An exact copy of the lines of the listing below between the "J.R. TOYS Каталка" line and the "quality design 73886" line, both included, is the whole answer; please omit the pictures.

■ Records shown:
▬▬▬▬▬▬▬▬▬▬

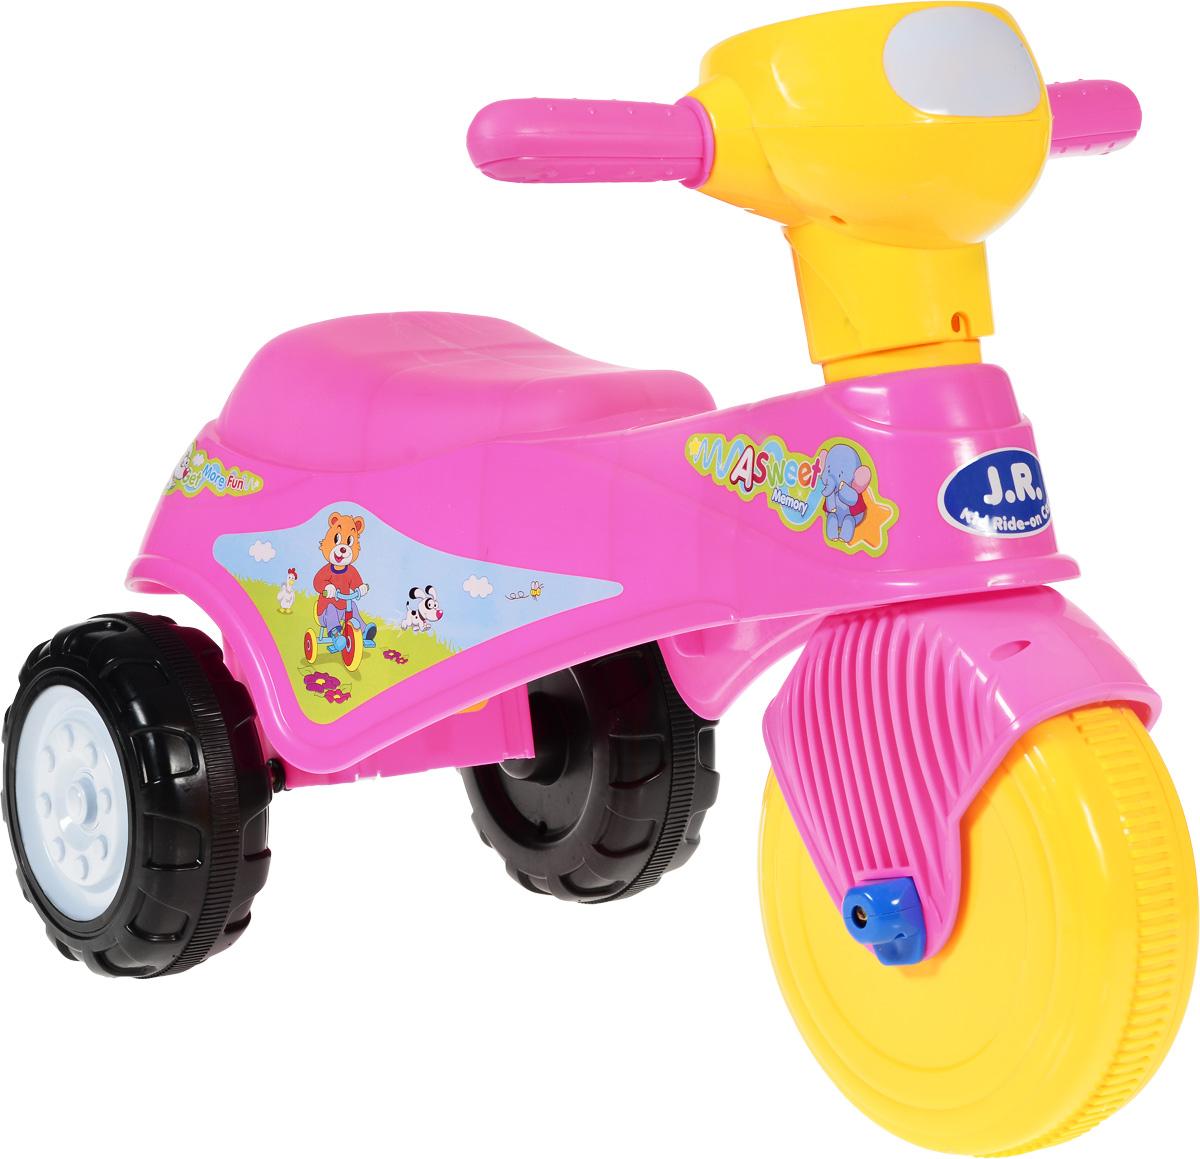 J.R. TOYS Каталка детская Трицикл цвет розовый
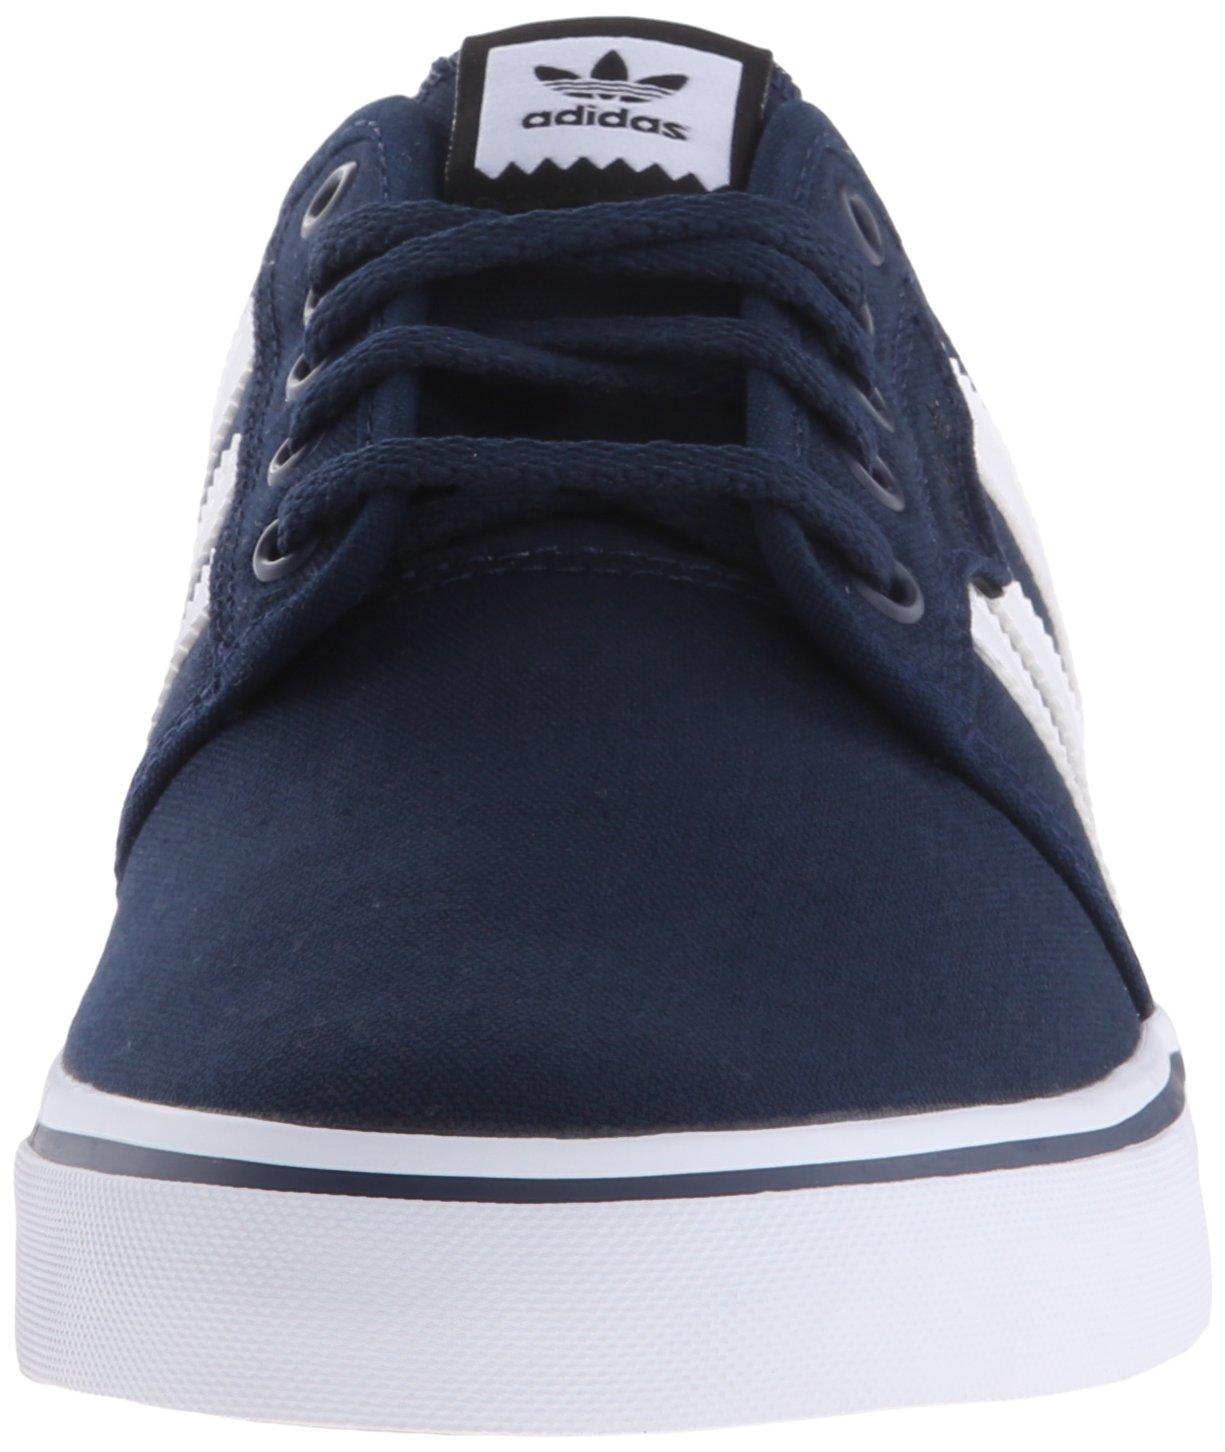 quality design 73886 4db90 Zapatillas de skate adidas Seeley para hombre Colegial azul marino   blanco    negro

▬▬▬▬▬▬▬▬▬▬

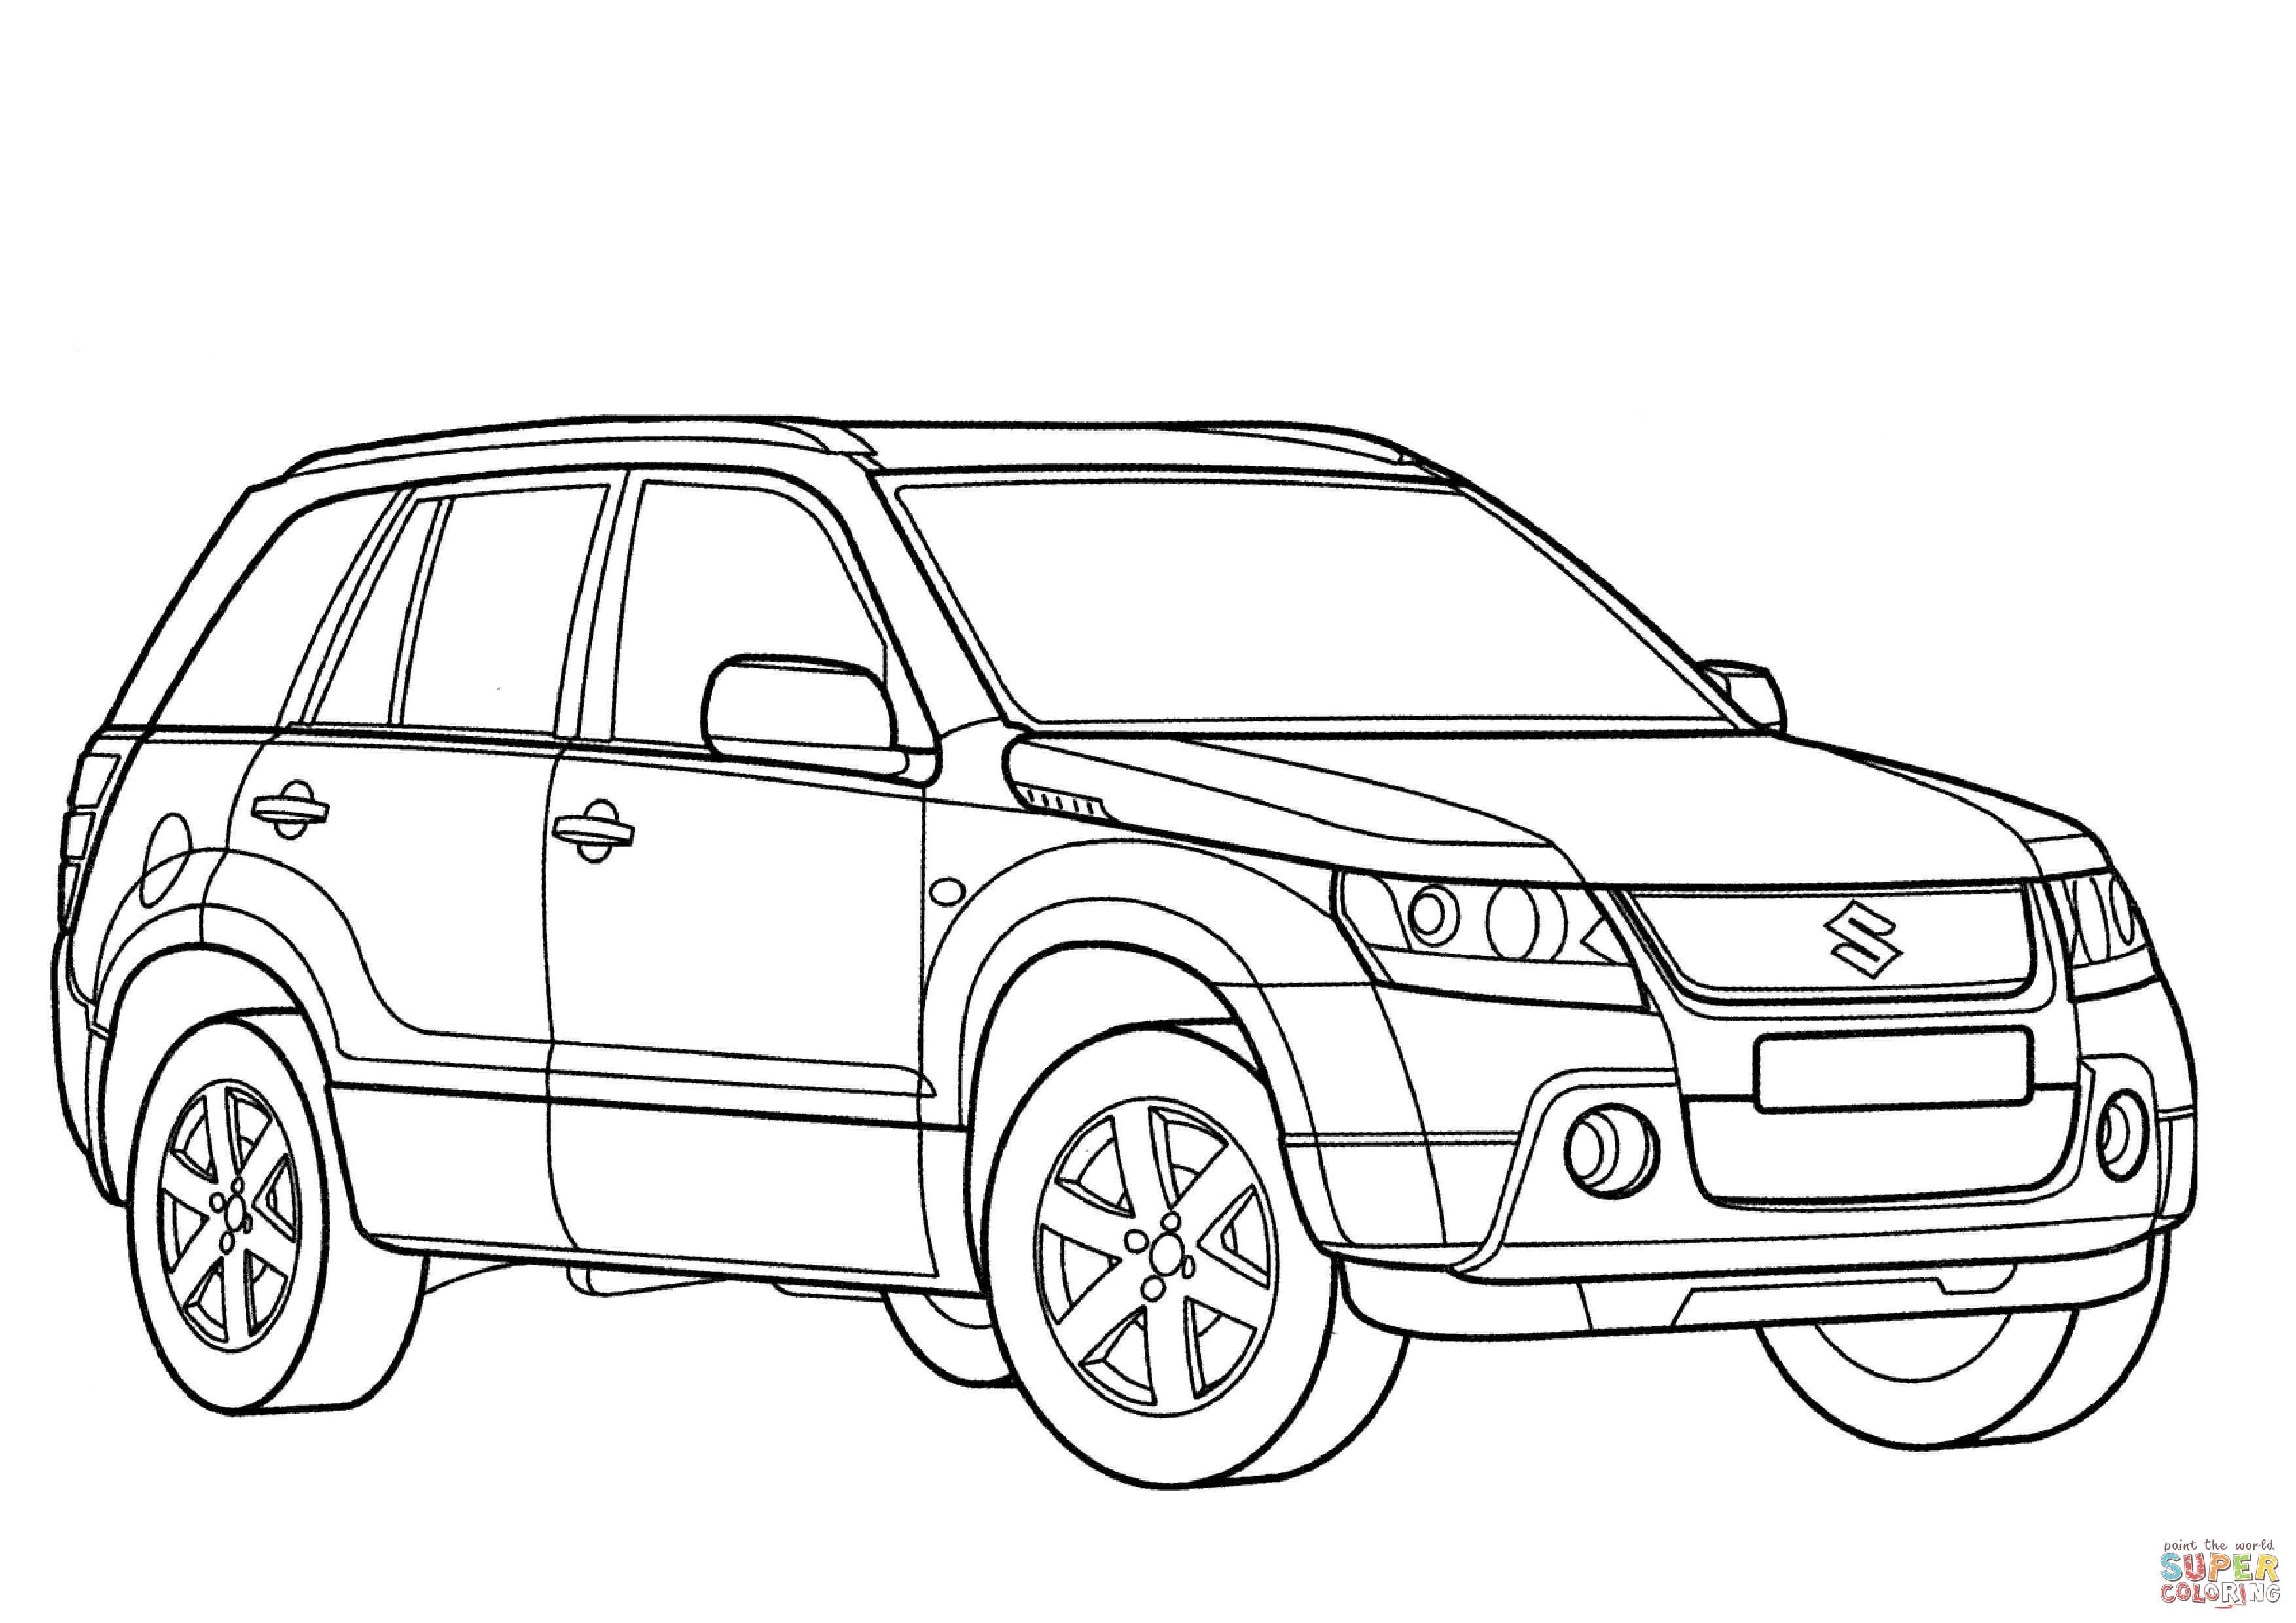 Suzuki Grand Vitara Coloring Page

▬▬▬▬▬▬▬▬▬▬

■ Problem solution:
 J.R. TOYS Каталка детская Трицикл цвет розовый
 quality design 73886 4db90 Zapatillas de skate adidas Seeley para hombre Colegial azul marino   blanco    negro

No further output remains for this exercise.